The first challenge is understanding the intended workflow through the pipeline, including any dependencies and required decision tree branching. For example, if data ingestion succeeds, then proceed down path A; otherwise, proceed with path B. And so on.
Multiple teams may be involved in creating the flow. They all must have a way of defining their specific aspect of the workflow from a standard interface, and then have the ability to merge their respective workflows that will make up the pipeline.
It’s vital that teams follow standards when building such workflows. For example, having naming conventions for jobs in a workflow is essential. We wouldn’t want multiple jobs with the same name. It’s important that meaningful descriptions are provided for each step so when there is a failure, it’s easy to identify what the step performs.
Minimize the number of tools required, and provide a single tool to visualize and interact with the pipeline and its dependencies. It’s difficult to manage what you can’t see, so visualization is key at the definition stage and even more so when the pipeline is running.
The orchestration engine must have built-in error handling capabilities. For example, if a file transfer is taking longer than usual there must be a way to automatically analyze the impact of this delay on the downstream jobs in a workflow. You also need to know how this delay affects the business SLA. In other words, does it affect the ability to schedule maintenance for trucks or not?
Similarly, a job failure shouldn’t stop the pipeline in its tracks and require immediate human intervention. Instead, the workflow designer may deem it safe for the orchestrator to automatically restart a failed job if a network glitch caused it. Likewise, they could determine a human should be paged to investigate the issue only if it fails a certain number of times with the same error.
We’ll be using a real-world example where a truck manufacturer set out to improve the utilization of trucks for its customers who subscribed to its connected vehicle program.
The trucking industry deals with daily breakdowns that extract a high economic cost. When a freight-carrying truck is in the shop for emergency repairs, neither the truck driver nor the freight haulers are paid, and customers don’t receive their shipments on time.
A recent study by the American Transportation Research Institute reported the marginal cost per mile for repair and maintenance for trucking companies reached 17.1 cents in 2018, a 38 percent increase from 2010.
The ability to reduce the marginal cost per mile by harnessing the power of data is critical to improving the bottom line for trucking companies, which generally operate on low margins to begin with.

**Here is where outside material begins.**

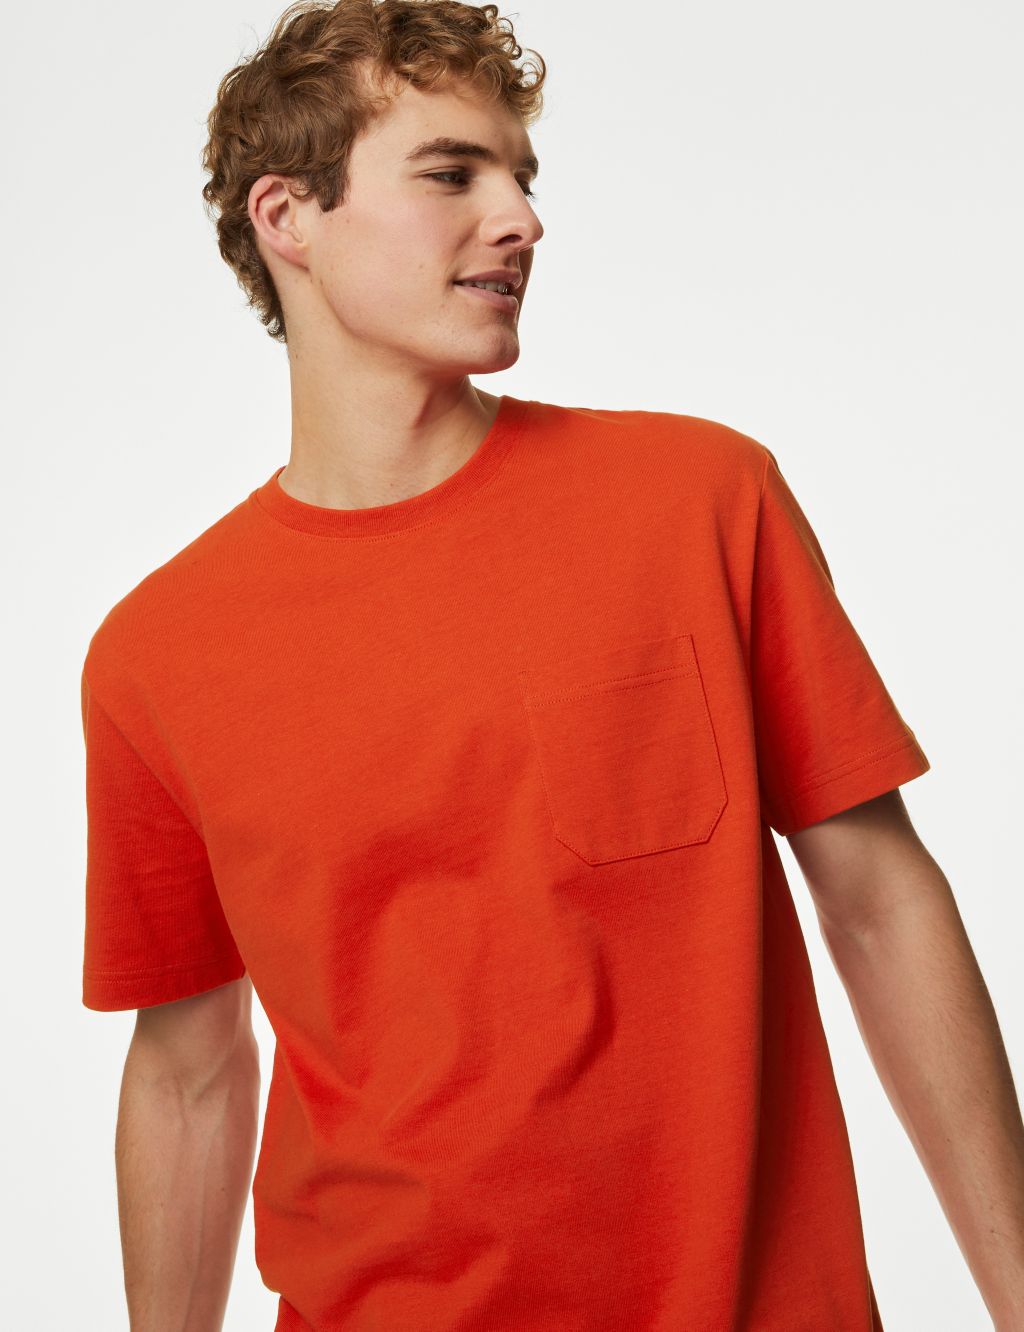 Men’s Orange T-shirts | M&S

Our goal was to predict which trucks need to be removed from service and schedule their maintenance at the optimum time. We selected Control-M for this task because it helps us gain business-critical insights from the newest and most demanding data technologies, and because it gave us the freedom to choose the infrastructure we needed.

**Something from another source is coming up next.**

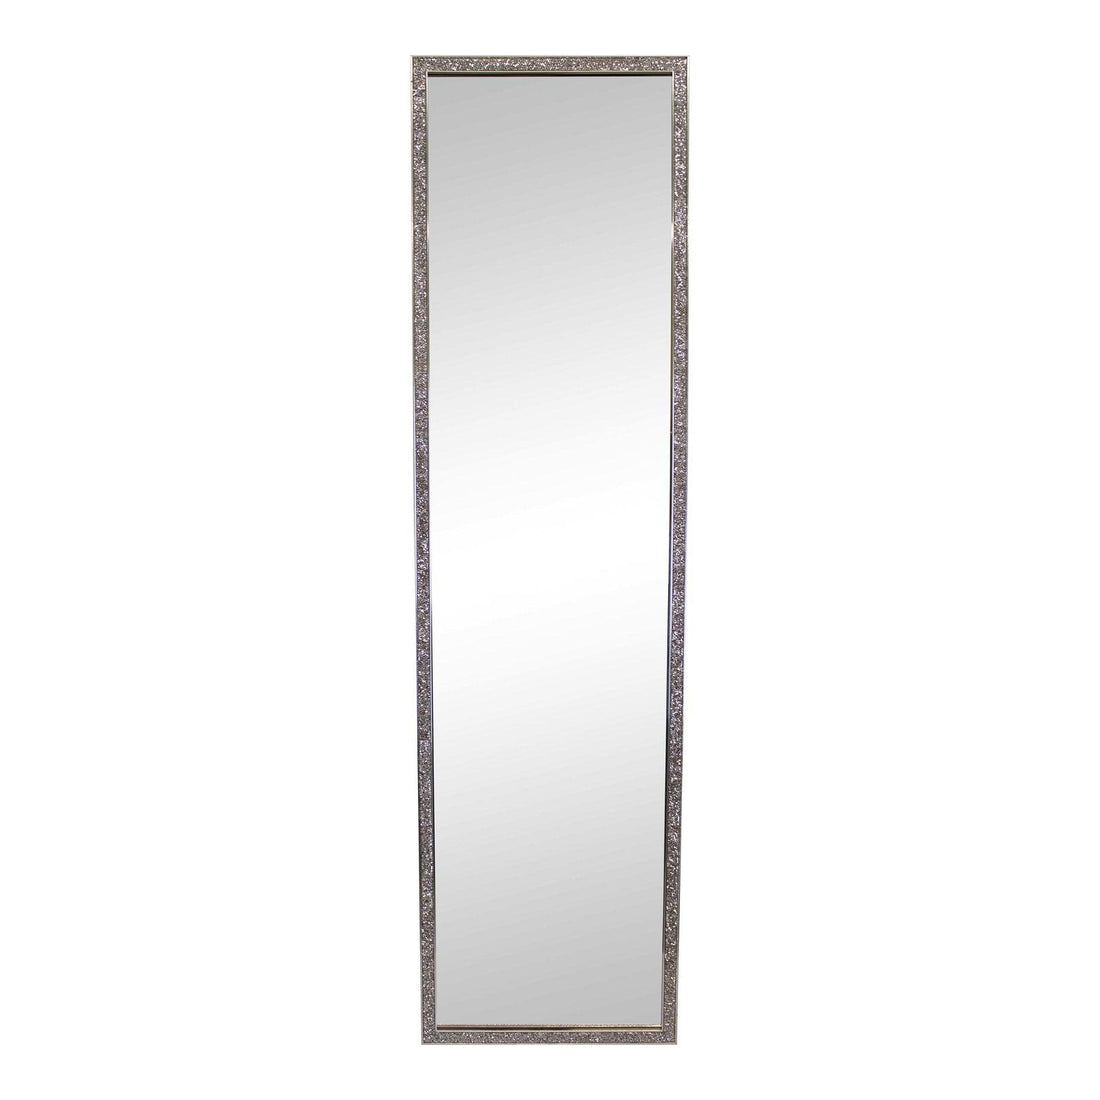 Tall, Slim Jewelled Frame Mirror 125cm - £85.99 - Mirrors

We expected this approach to decrease the overall “dwell” time; that is, the time a vehicle is unproductive while awaiting servicing. The eventual reduction was about 40 percent, which resulted in significant cost savings and increased productivity, as well as delighted customers.
Use Our Demo System
We created a demonstration version of our solution so you can experiment with it on AWS. You can find all of our code, plus sample data, in GitHub.
We also developed three programs to simulate the actual fleet IoT data the pipeline will process:
- Create a logistic regression training model.
- Create sample data using actual sensor data and adding noise scaled by the standard deviation.
- Feed the data into a model to show which vehicles require maintenance.
The code to prepare the simulated data is also available in GitHub.
How it Works
The following architecture depicts the predictive maintenance solution we implemented. It begins by using telematics providers to collect IoT sensor data from vehicle-mounted moisture, temperature, and pressure sensors.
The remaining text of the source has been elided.